To evaluate this definite integral, we first need to find the antiderivative of the function $\frac{1}{9}x^2$. Recall that the power rule of integration states that the antiderivative of $x^n$ is $\frac{x^{n+1}}{n+1}$, where $n$ is any constant except -1. Applying this rule to our function, we get:

$$\int \frac{1}{9}x^2 dx = \frac{1}{9} \int x^2 dx = \frac{1}{9} \cdot \frac{x^3}{3} + C = \frac{x^3}{27} + C$$

where $C$ is the constant of integration. However, when evaluating definite integrals, the constant of integration cancels out, so we can ignore it for our purposes.

Now, we can evaluate the definite integral using the fundamental theorem of calculus, which states that the definite integral of a function $f(x)$ from $a$ to $b$ is equal to the difference between the antiderivative evaluated at $b$ and the antiderivative evaluated at $a$:

$$\int_{a}^{b} \frac{1}{9}x^2 dx = \left[\frac{x^3}{27}\right]_{a}^{b} = \frac{b^3}{27} - \frac{a^3}{27}$$

Step 2: Set the Result Equal to 1 and Solve for the Interval

To verify Property 2, we need to determine the interval $[a, b]$ for which the area under the curve of $f(x)$ is equal to 1. In other words, we need to solve the following equation:

$$\frac{b^3}{27} - \frac{a^3}{27} = 1$$

Multiplying both sides by 27, we get:

$$b^3 - a^3 = 27$$

This equation tells us the relationship between the limits of integration, $a$ and $b$, that will result in the area under the curve being equal to 1. There are infinitely many possible intervals that satisfy this equation. For example, if we choose $a = 0$, then we have:

$$b^3 - 0^3 = 27$$

$$b^3 = 27$$

$$b = 3$$

So, the interval $[0, 3]$ is one possible interval over which the area under the curve of $f(x) = \frac{1}{9}x^2$ is equal to 1.

Step 3: Verify the Result

To verify our result, we can plug the values $a = 0$ and $b = 3$ back into the definite integral:

$$\int_{0}^{3} \frac{1}{9}x^2 dx = \frac{3^3}{27} - \frac{0^3}{27} = \frac{27}{27} - 0 = 1$$

This confirms that the area under the curve of $f(x) = \frac{1}{9}x^2$ over the interval $[0, 3]$ is indeed equal to 1, thus verifying Property 2 for this function over this interval.

Importance of Property 2

The normalization property, or Property 2, is not just a mathematical curiosity; it has profound implications in probability theory and practical applications. It ensures that the PDF represents a valid probability distribution, where the total probability of all possible outcomes is equal to 1. This is essential for making meaningful probabilistic statements and calculations.

For instance, consider using a PDF to model the distribution of heights in a population.

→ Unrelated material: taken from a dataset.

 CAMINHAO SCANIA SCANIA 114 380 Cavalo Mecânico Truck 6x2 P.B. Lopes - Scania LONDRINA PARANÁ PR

If the total area under the PDF curve were not equal to 1, it would imply that the probabilities of all possible heights do not add up to 100%, which is nonsensical. Property 2 guarantees that the probabilities are properly normalized, allowing us to make accurate predictions and inferences about the distribution of heights.

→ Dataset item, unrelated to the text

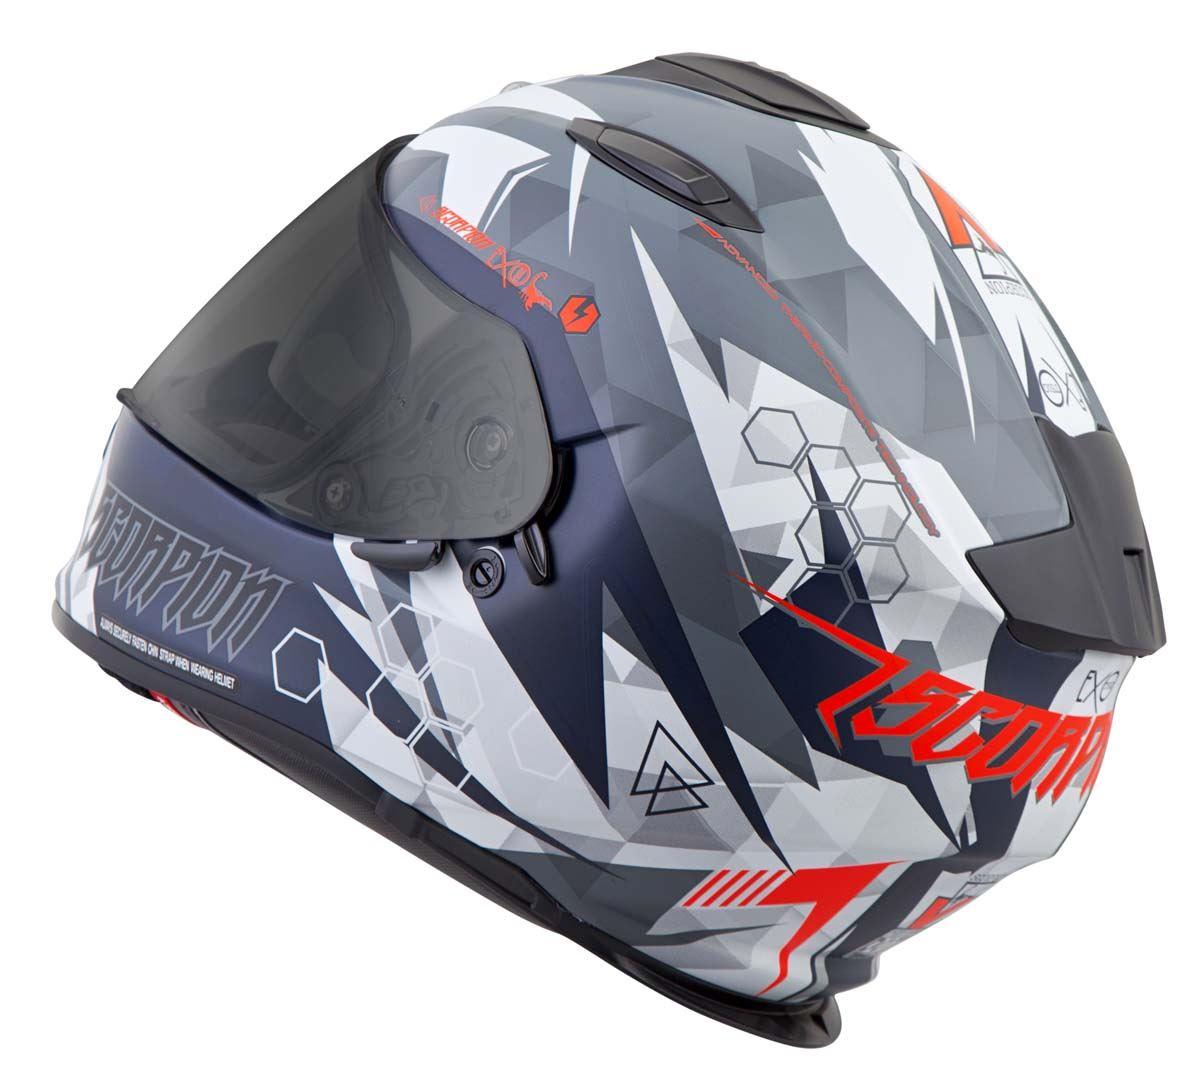 Scorpion-EXO-T510-Helmet-Full-Face-DOT-Approved-Inner-Sun-Shield miniature 53

In various fields, such as finance, engineering, and physics, PDFs are used extensively to model random phenomena. Verifying Property 2 ensures the reliability and validity of these models, enabling informed decision-making and accurate predictions.

Conclusion

In this article, we have explored the verification of Property 2 for the function $f(x) = \frac{1}{9}x^2$ over a given interval. We learned that Property 2, also known as the normalization property, is a fundamental requirement for a function to qualify as a probability density function (PDF). It states that the total area under the curve of the function over its entire domain must equal 1.

We demonstrated the steps involved in verifying Property 2, which include evaluating the definite integral of the function over the given interval, setting the result equal to 1, and solving for the interval. We found that the area under the curve of $f(x) = \frac{1}{9}x^2$ over the interval $[0, 3]$ is equal to 1, thus verifying Property 2 for this function over this interval.

Furthermore, we highlighted the importance of Property 2 in ensuring that a PDF represents a valid probability distribution and its significance in various practical applications. By understanding and verifying Property 2, we gain confidence in using PDFs to model random phenomena and make informed decisions based on probabilistic information.